Matt King: Ich denke, man konnte die Korrektur der Märkte kürzlich sehen als eine Art überfällige Reaktion auf das Schrumpfen der EZB-Bilanz und das Fed-Tapering, das wir bisher gesehen haben. Aber ja: Wenn die EZB keine Ausweitung ihrer Bilanz erreicht, dann fürchte ich einen weiteren Kurseinbruch – höchstwahrscheinlich bis zu dem Punkt, wo die Zentralbanken wieder denken, dass sie einschreiten müssen.
Deutsche Wirtschafts Nachrichten: Sie berechnen, dass „200 Milliarden Dollar pro Quartal nötig sind, nur um einen Kurseinbruch an den Märkten zu verhindern“. Heißt das, dass die Märkte abhängig sind von Eingriffen der Zentralbanken?
Matt King: Das ist eine sehr grobe Rechnung, die auf einem bestimmten Diagramm basiert. Aber ja: Es wird zunehmend klar, dass die Liquidität das Einzige ist, was die Märkte interessiert, nicht die zugrunde liegenden Fundamentaldaten. Und in dieser Hinsicht (am offensichtlichsten in den USA) ist eine echte Erholung das Letzte, was die Märkte gern sehen würden!
Deutsche Wirtschafts Nachrichten: Besteht diese Abhängigkeit auch auf den Märkten für Staatsanleihen?
Matt King: Sagen wir einfach, dass es kaum Investoren gibt, welche die Anleihen der Randstaaten zu diesen Preisen kaufen würden, wenn sie nicht glauben würden, dass es eine gewisse Chance auf EZB-Stützung gibt.
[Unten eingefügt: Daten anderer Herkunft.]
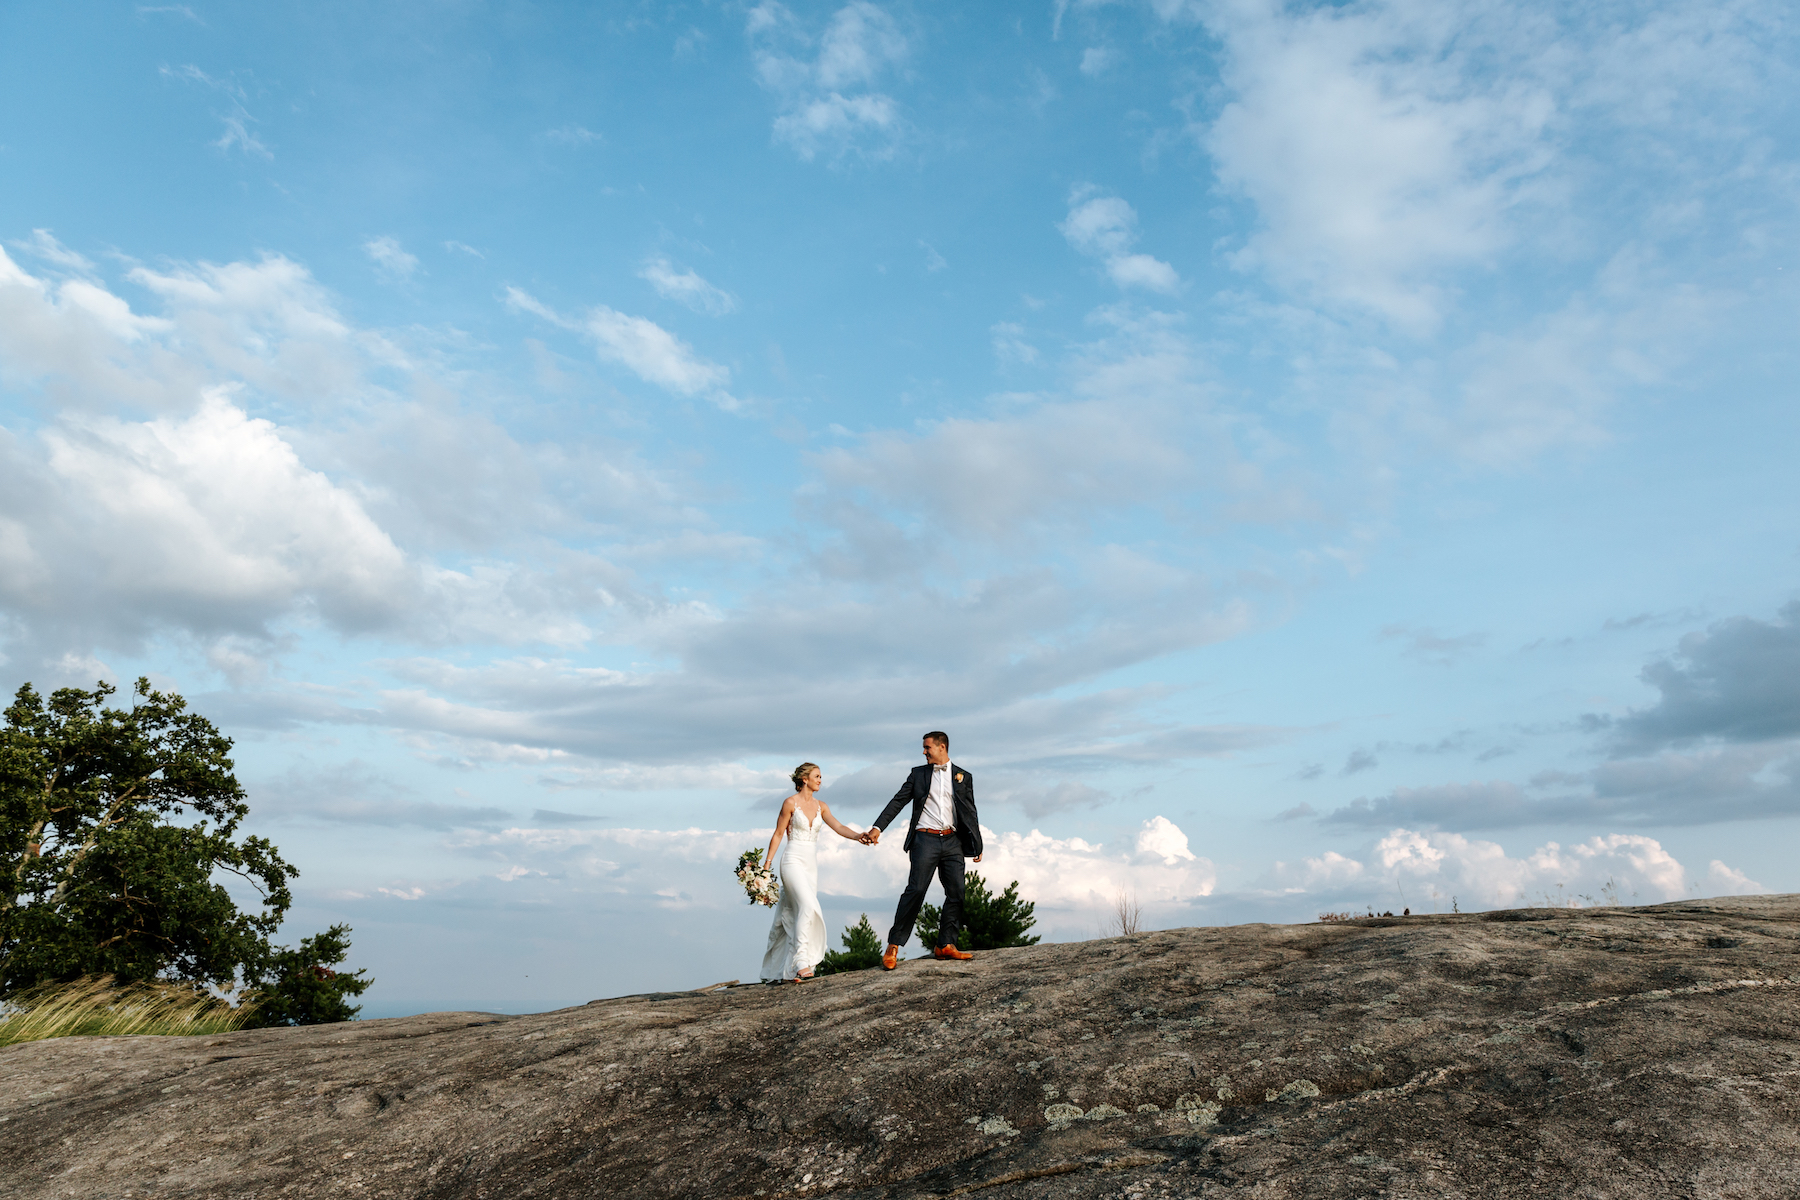 wedding-engagement-photographer-spartanburg-greenville-columbia-carolina-south-north-534.JPG

Deutsche Wirtschafts Nachrichten: Wenn die Zentralbanken die Stützung im erforderlichen Maß aufrechterhalten – kann das ewig fortgesetzt werden?
Matt King: Im Prinzip ja. Die Wahrscheinlichkeit einer Inflation ist sehr gering, solange eine mangelnde Nachfrage nach Investitionen in der Realwirtschaft besteht. Also vorausgesetzt sie übertreiben es nicht, zeigt Japan, dass ein langer und langsamer Schuldenabbau machbar ist, wobei die Zentralbanken Zeit für Reformen anderswo kaufen.
Die Risiken sind, dass zu irgendeinem Zeitpunkt die Blasen groß genug werden, dass die Investoren auf jeden Fall nervös werden, und/oder dass die Zentralbanken sich gezwungen sehen, zu viel zu tun, weil die Reformen anderswo fehlen.
Deutsche Wirtschafts Nachrichten: Wenn die Zentralbanken die Stützung nicht aufrechterhalten – ist ein Crash der Märkte unausweichlich?
Matt King: Das ist vielleicht stärker gesagt, als ich es ausdrücken würde. Viel hängt von der genauen Folge der Ereignisse ab, von der Art und Weise, wie Liquidität bereitgestellt oder zurückgenommen wird. Aber ja: Wenn die Zentralbanken ihre Stützung zurückziehen würden, dann scheint es sehr wahrscheinlich, dass die Märkte fallen würden.